Raw data:

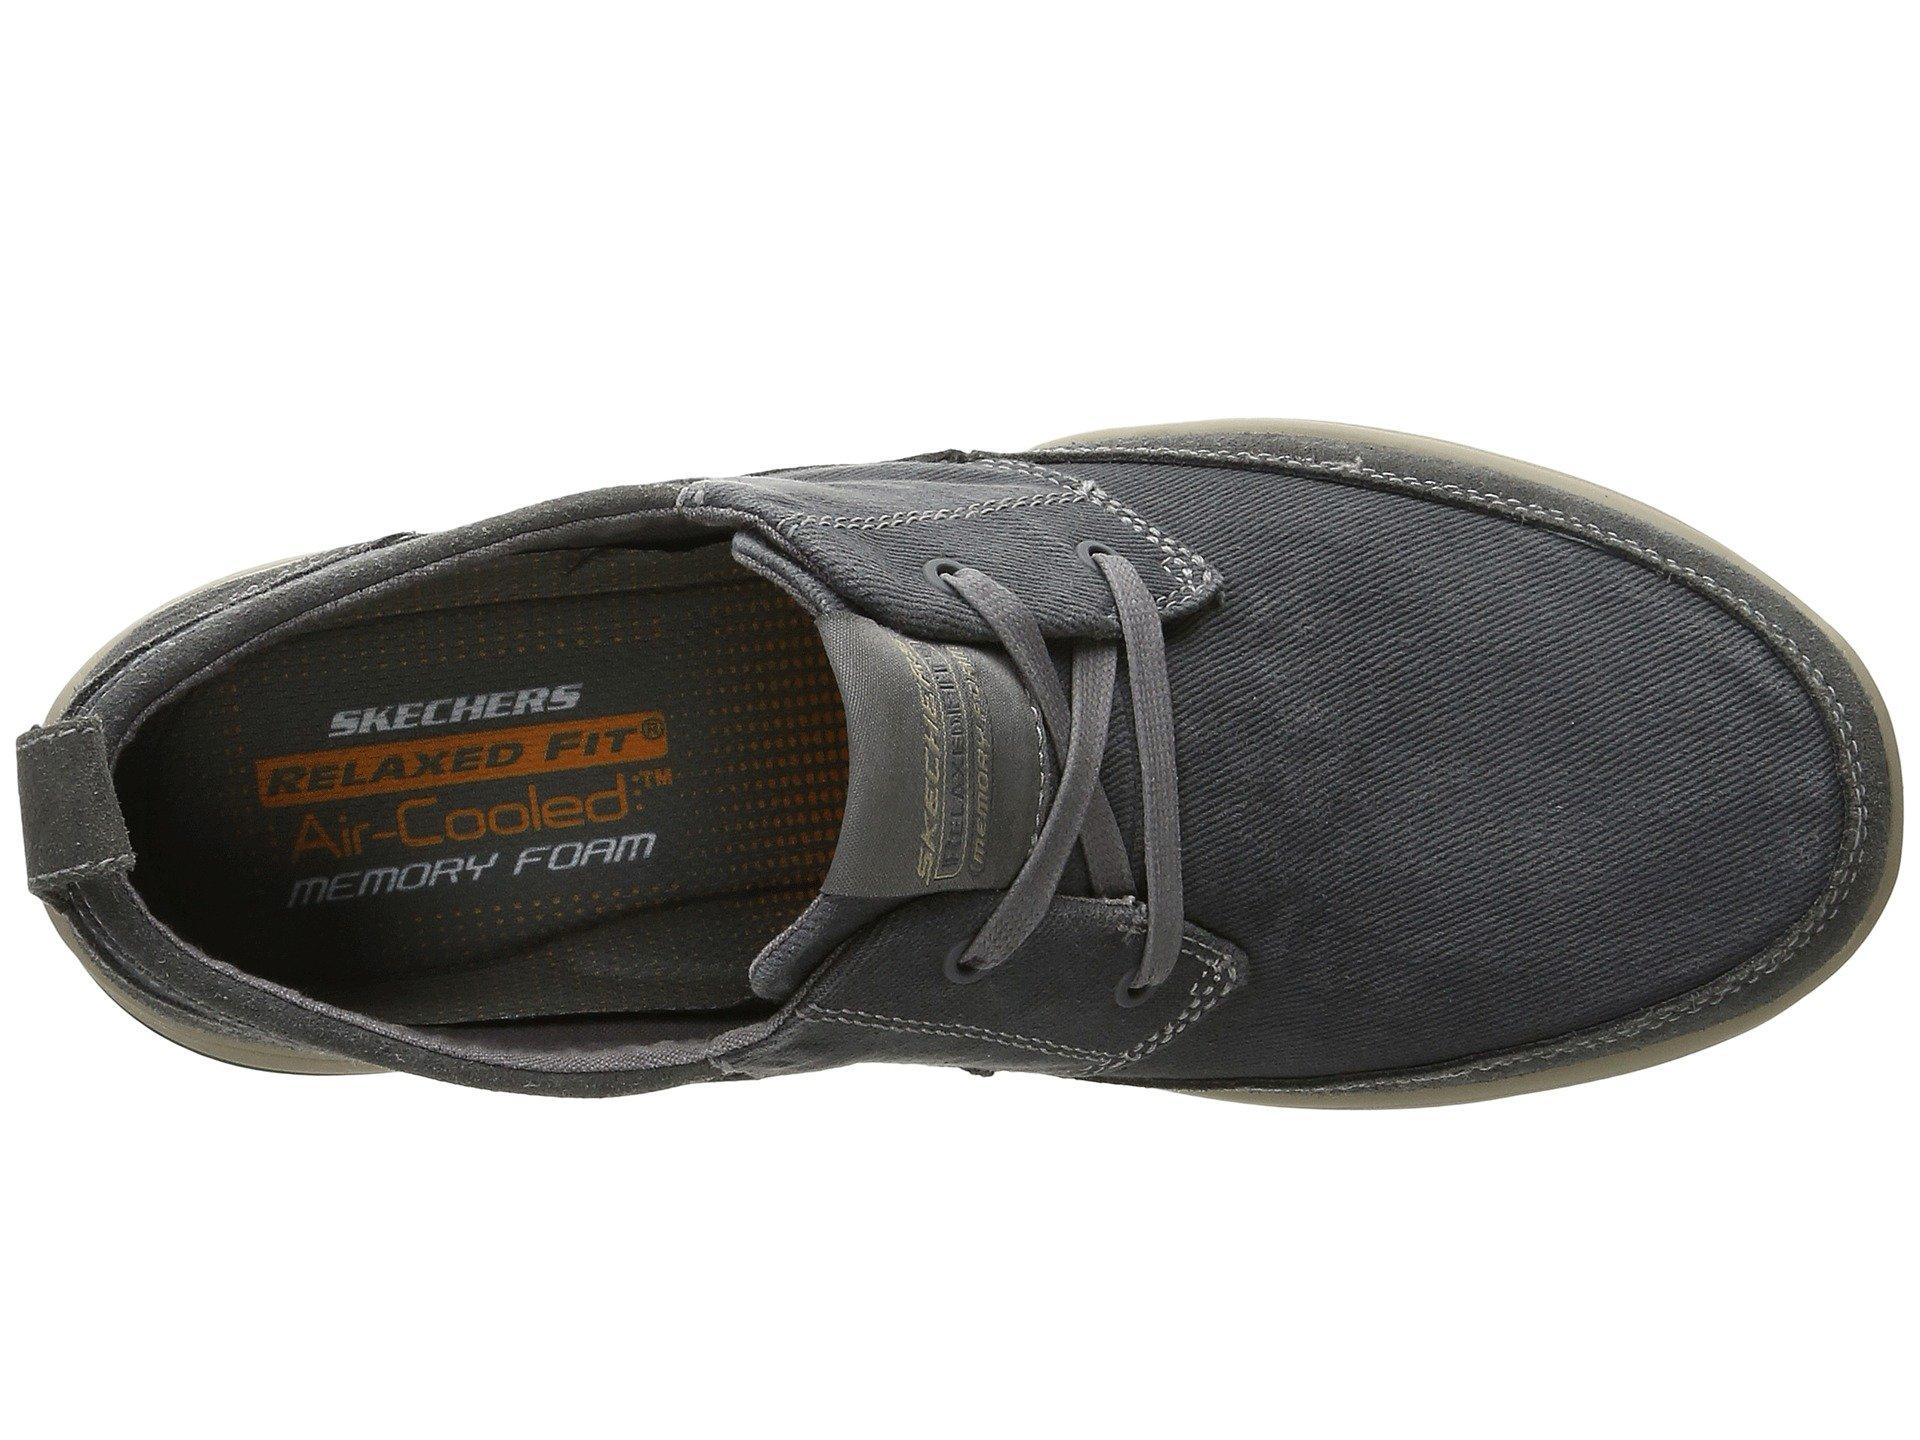 Skechers Relaxed Fit Harper Lenden Men S Shoes
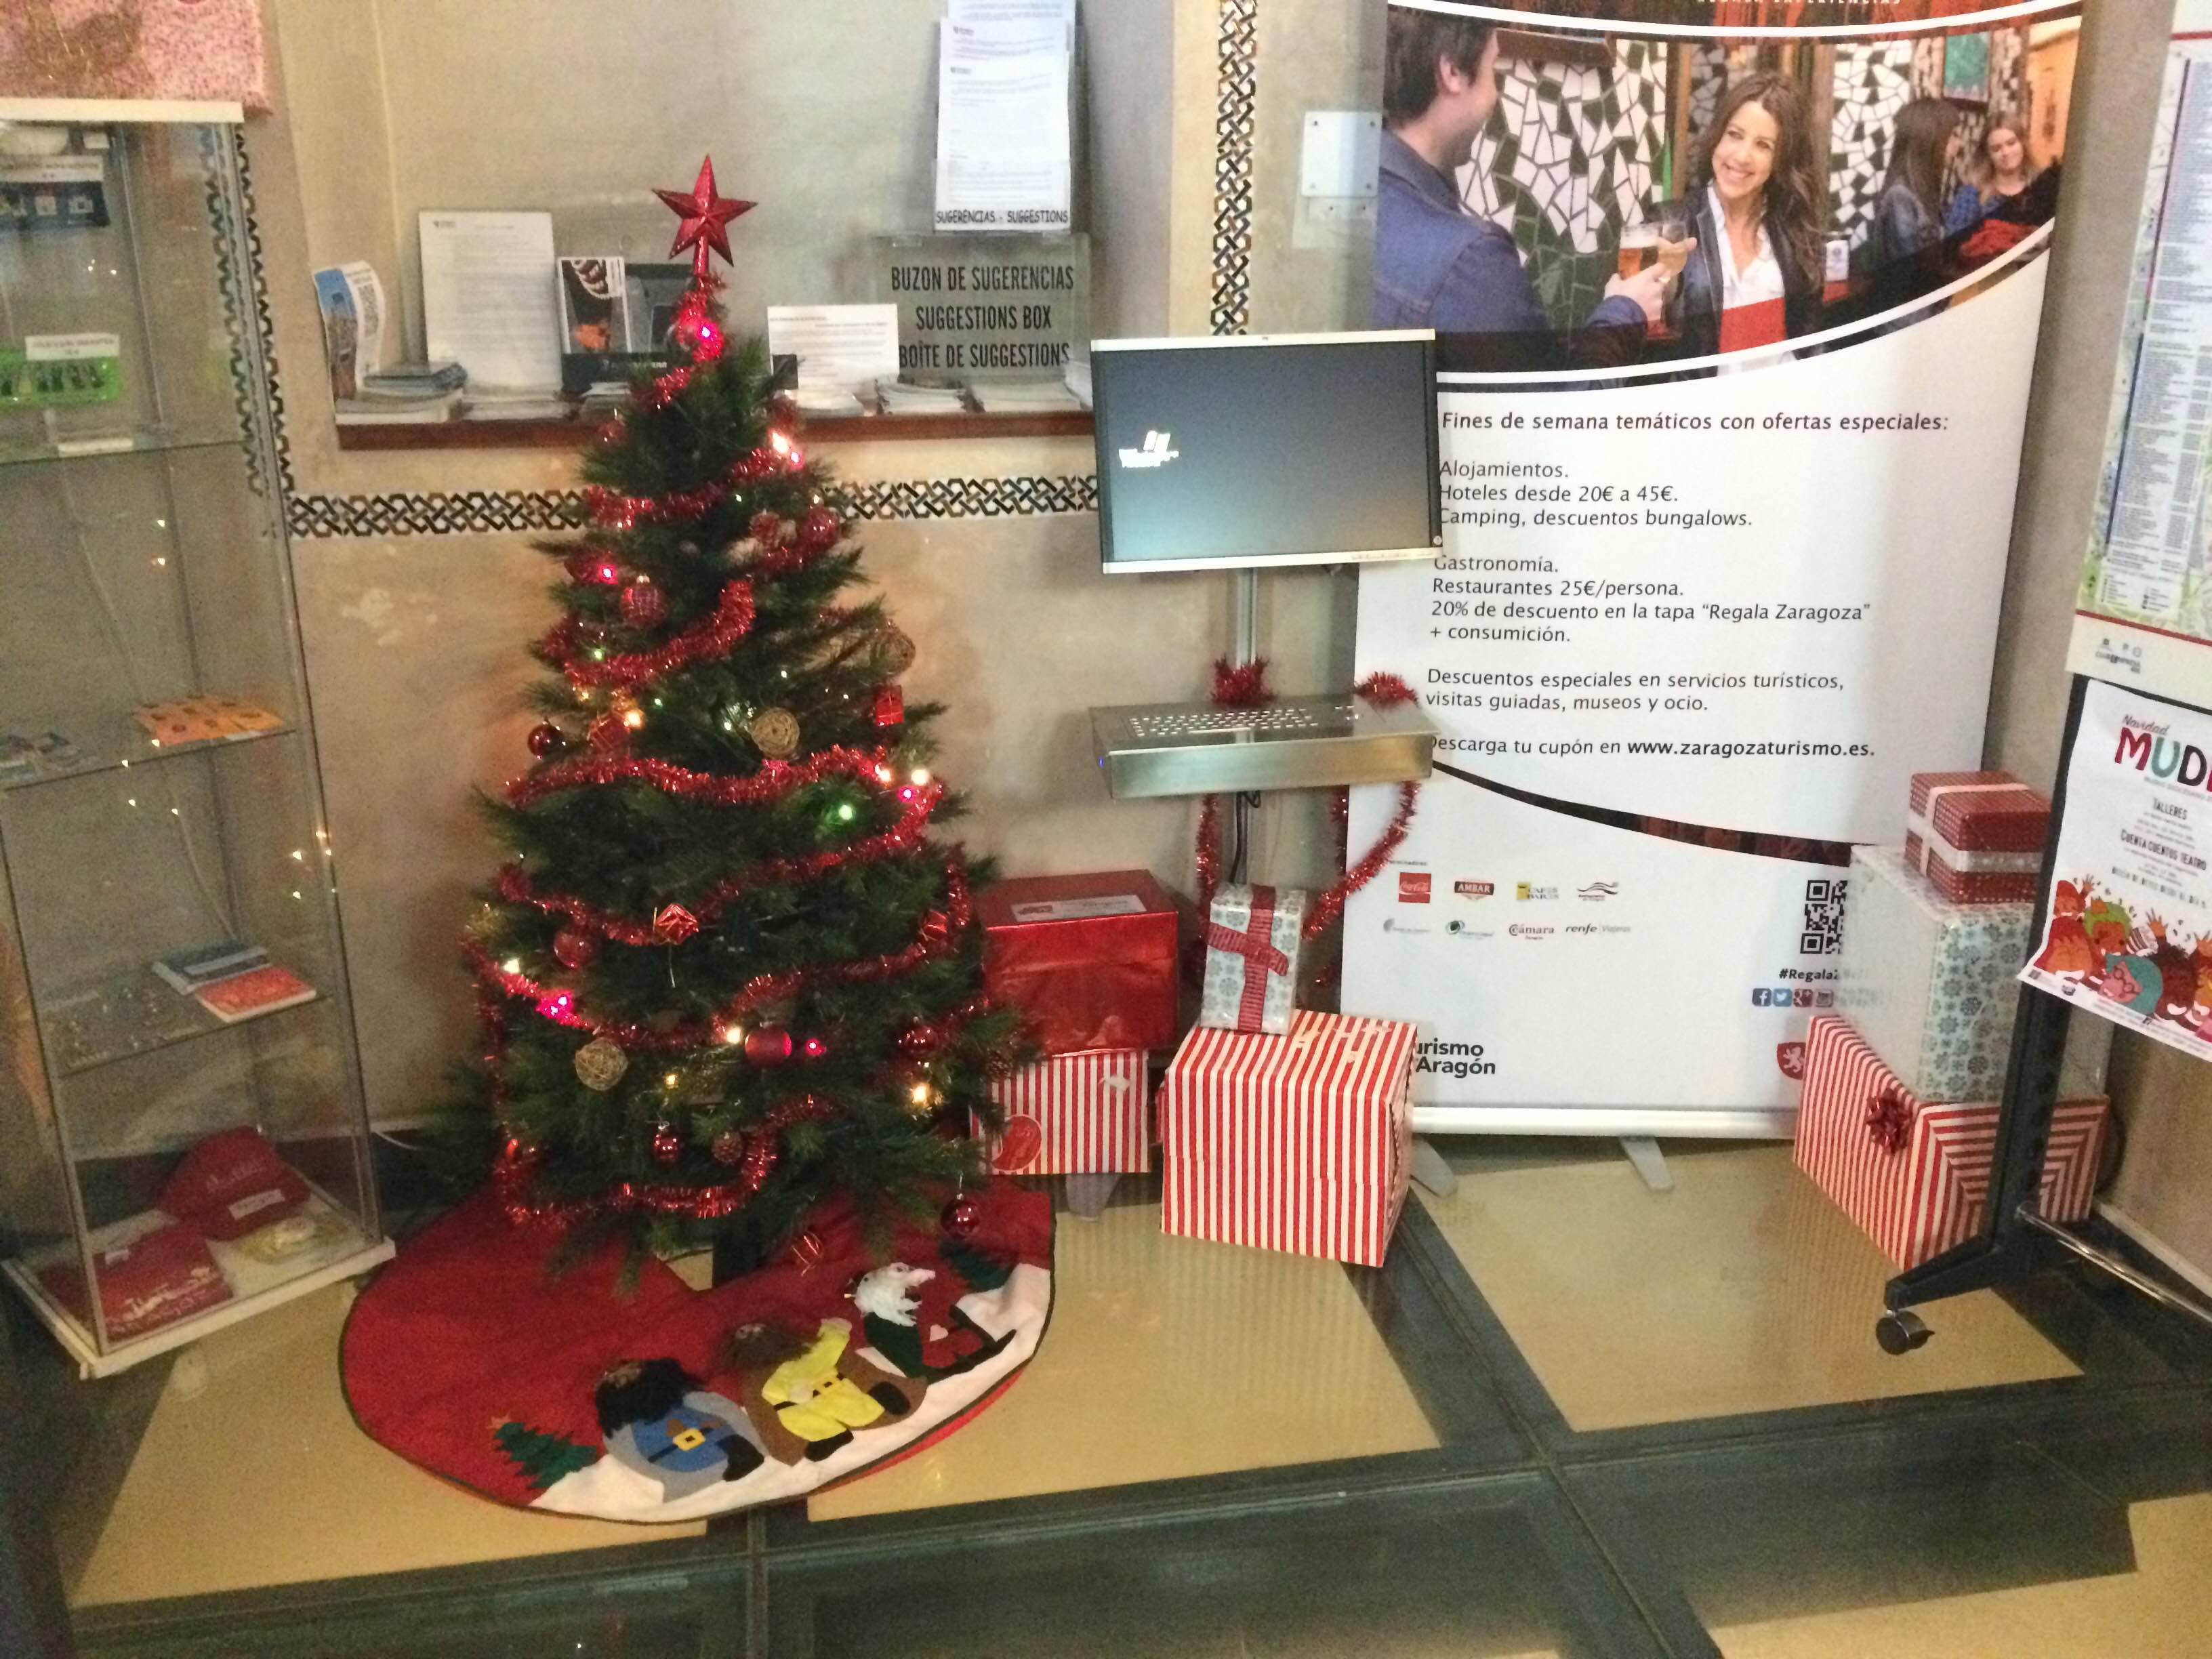 El rbol de navidad el protagonista de la decoraci n - Decoracion de navidad para oficina ...
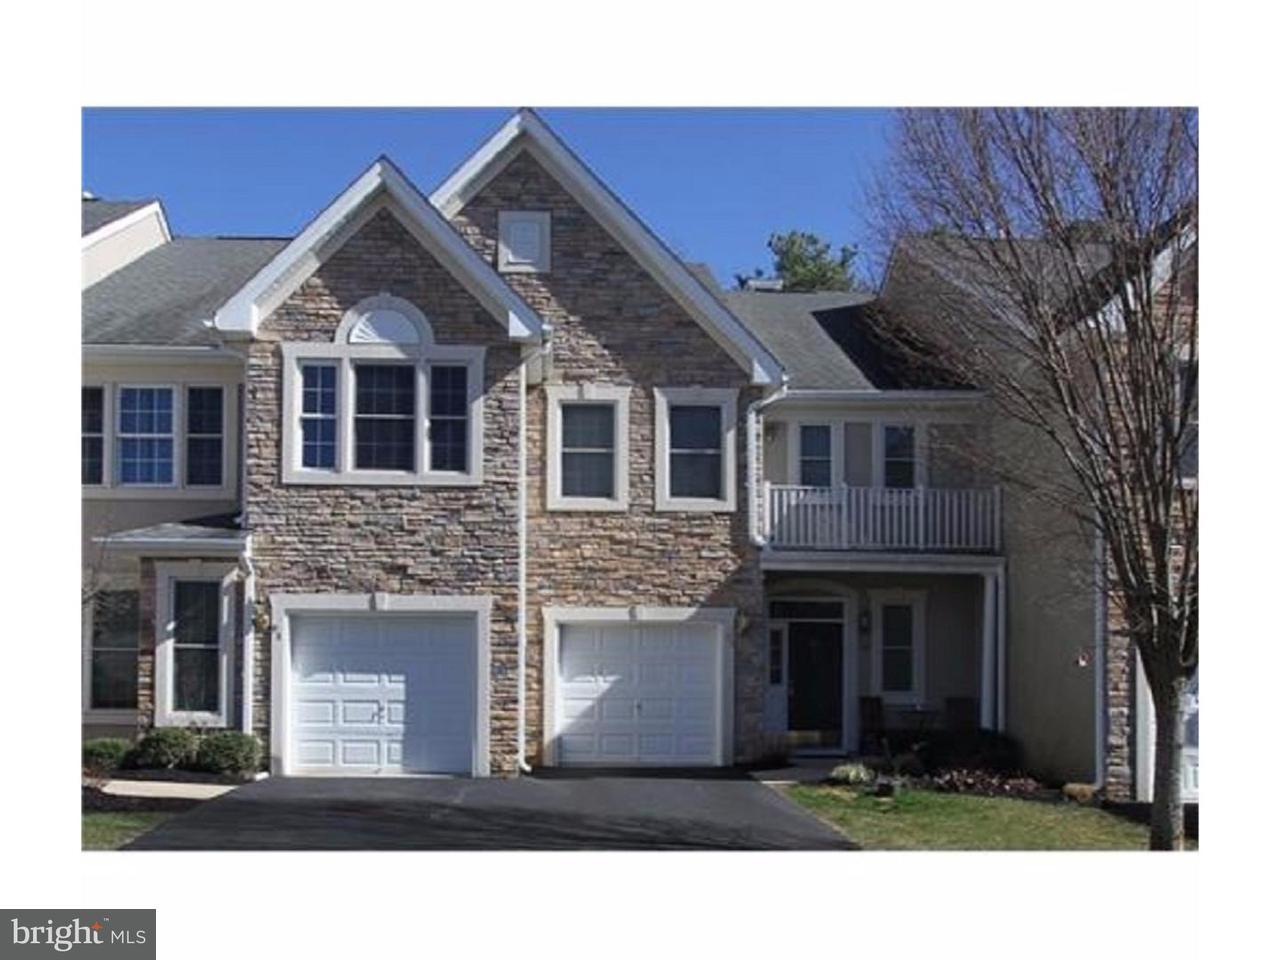 Casa unifamiliar adosada (Townhouse) por un Alquiler en 93 OSPREY Drive Old Bridge, Nueva Jersey 08857 Estados Unidos

Work order: Omit the pictures, then give all the lines above again exactly.

Expected answer:
 Skechers Relaxed Fit Harper Lenden Men S Shoes
 El rbol de navidad el protagonista de la decoraci n - Decoracion de navidad para oficina ...
 Casa unifamiliar adosada (Townhouse) por un Alquiler en 93 OSPREY Drive Old Bridge, Nueva Jersey 08857 Estados Unidos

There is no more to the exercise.